- Task to carry out:
Verbatim copy, pictures excluded: every line from the one with "Nesli tükenme tehlikesi" through the final line of the data below, and no other line.

- Data segment:

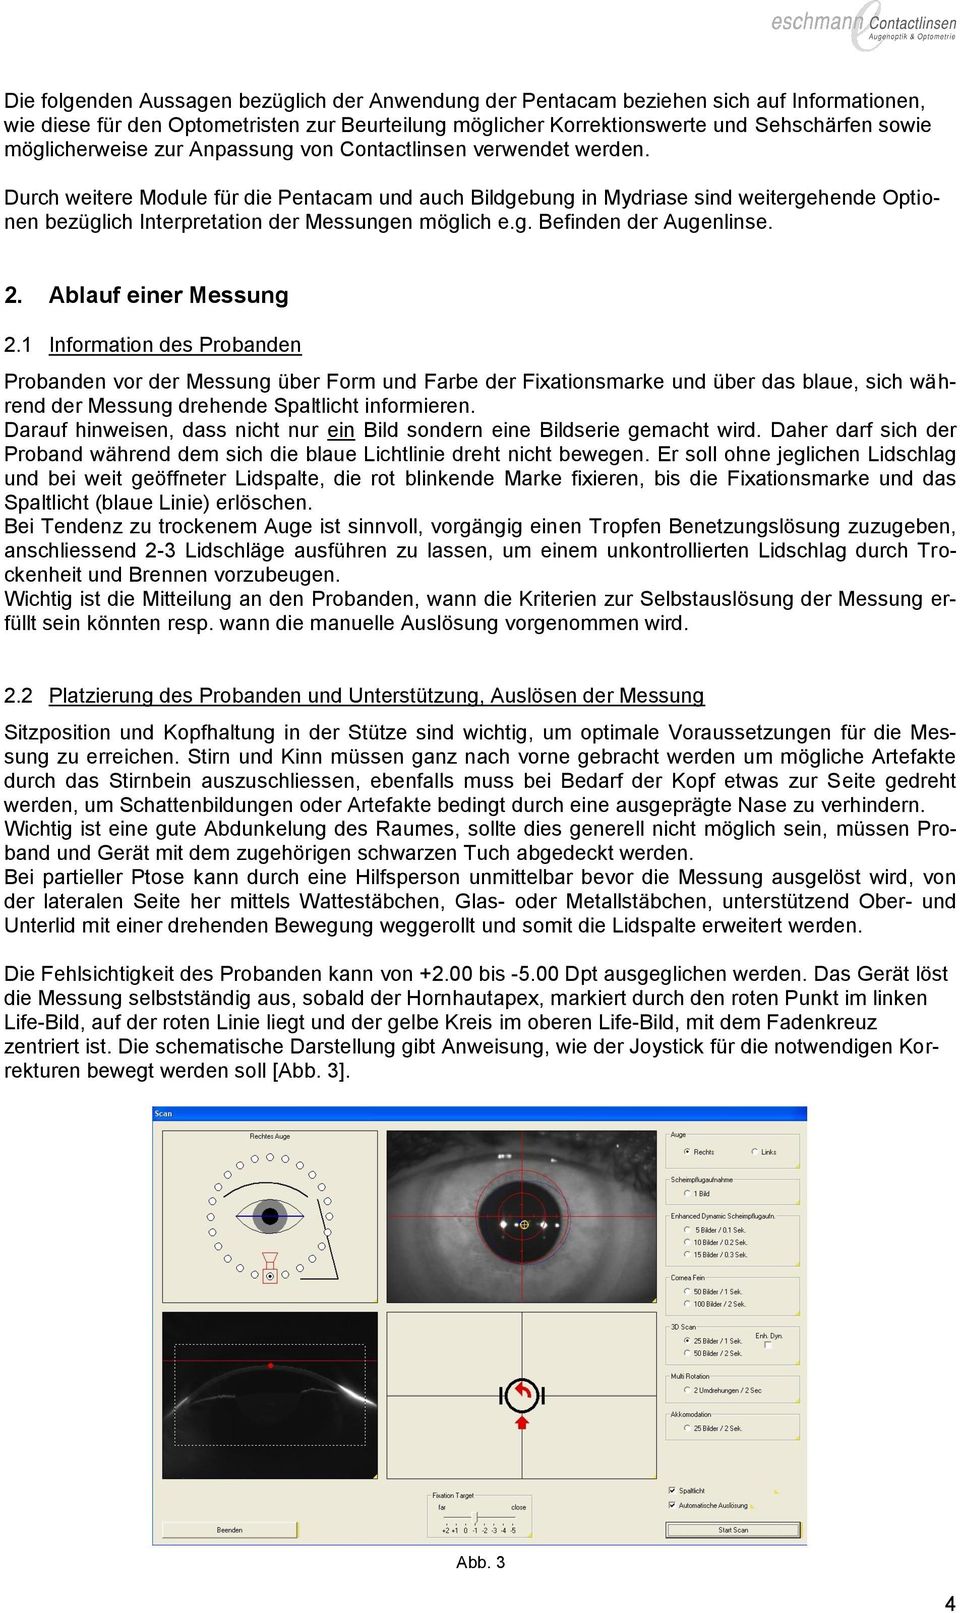 Durch weitere Module für die Pentacam und auch Bildgebung in Mydriase sind weitergehende Optionen bezüglich Interpretation der Messungen möglich e.g. Befinden der Augenlinse. 2.
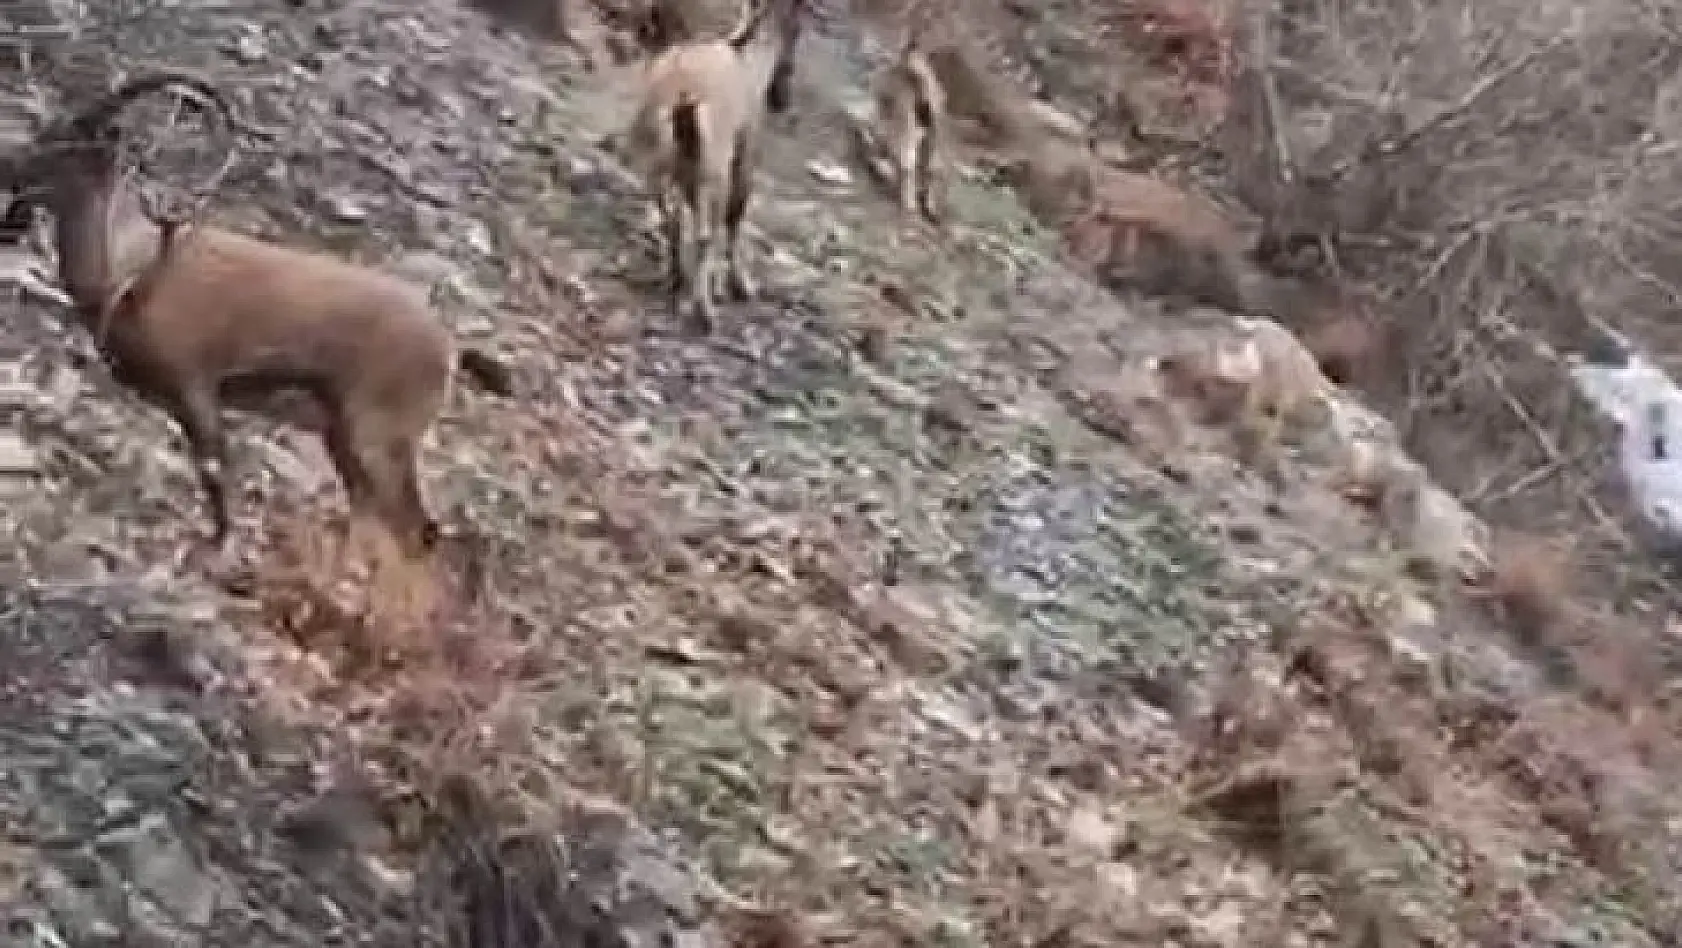 Nesli tükenme tehlikesi altında bulunan dağ keçileri yola indi, vatandaşlar cep telefonlarına sarıldı
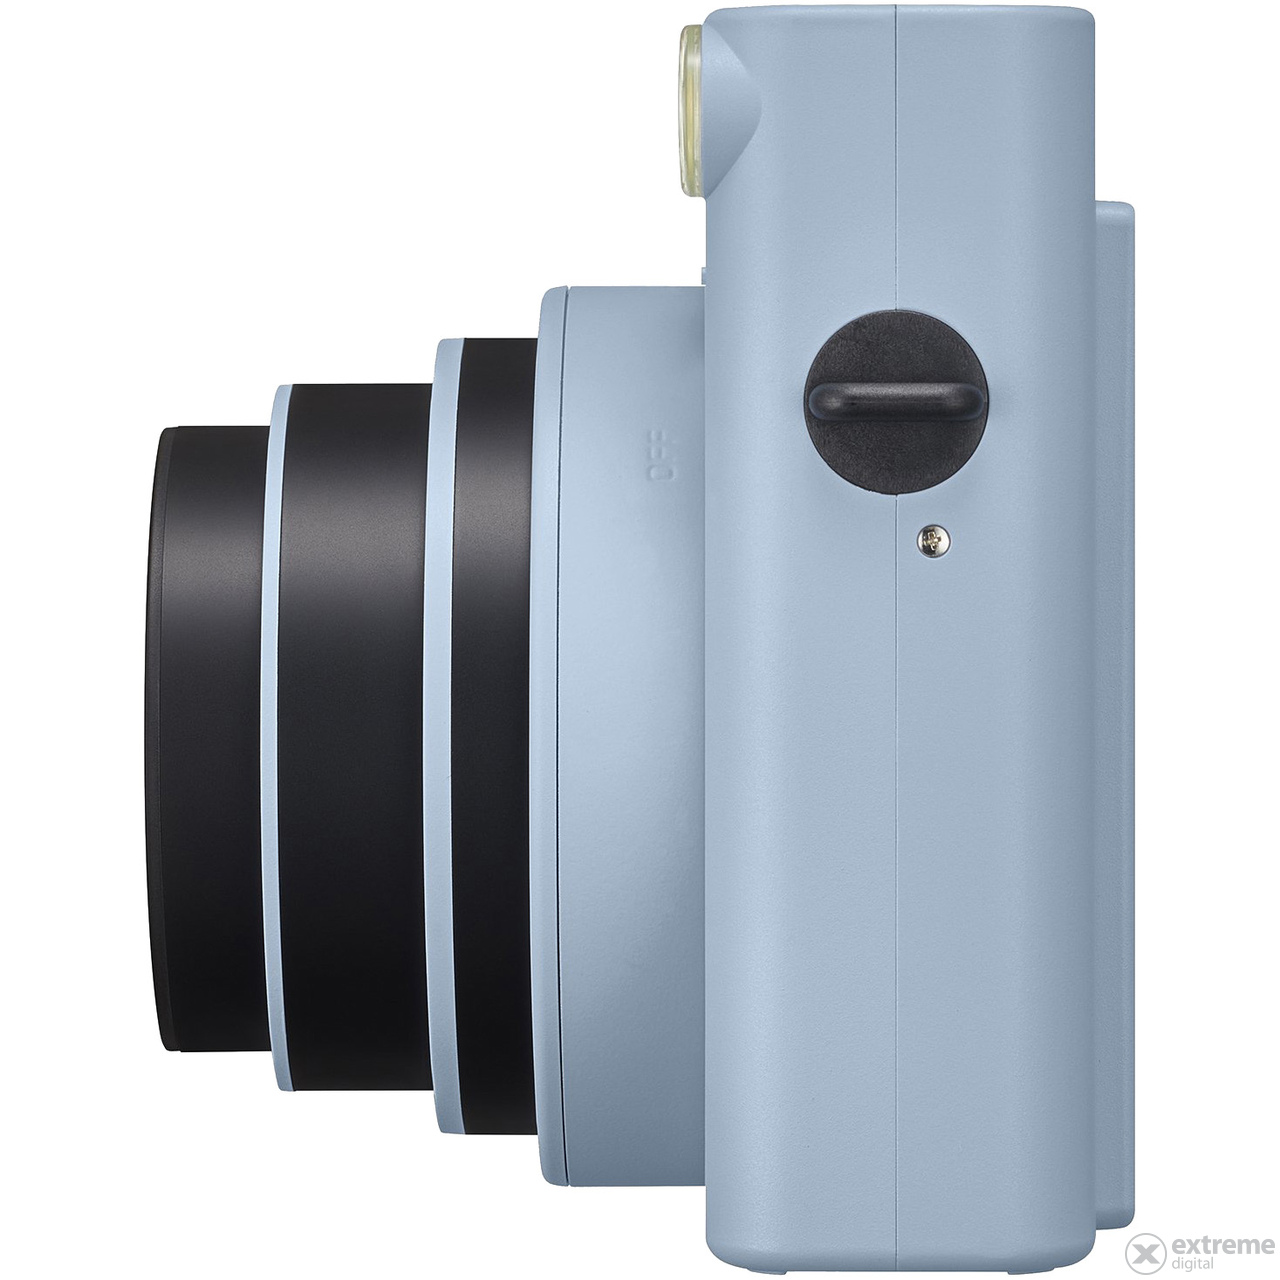 Fujifilm Instax SQ1 kamera, plava

- Exercise response:
 Nesli tükenme tehlikesi altında bulunan dağ keçileri yola indi, vatandaşlar cep telefonlarına sarıldı
 Fujifilm Instax SQ1 kamera, plava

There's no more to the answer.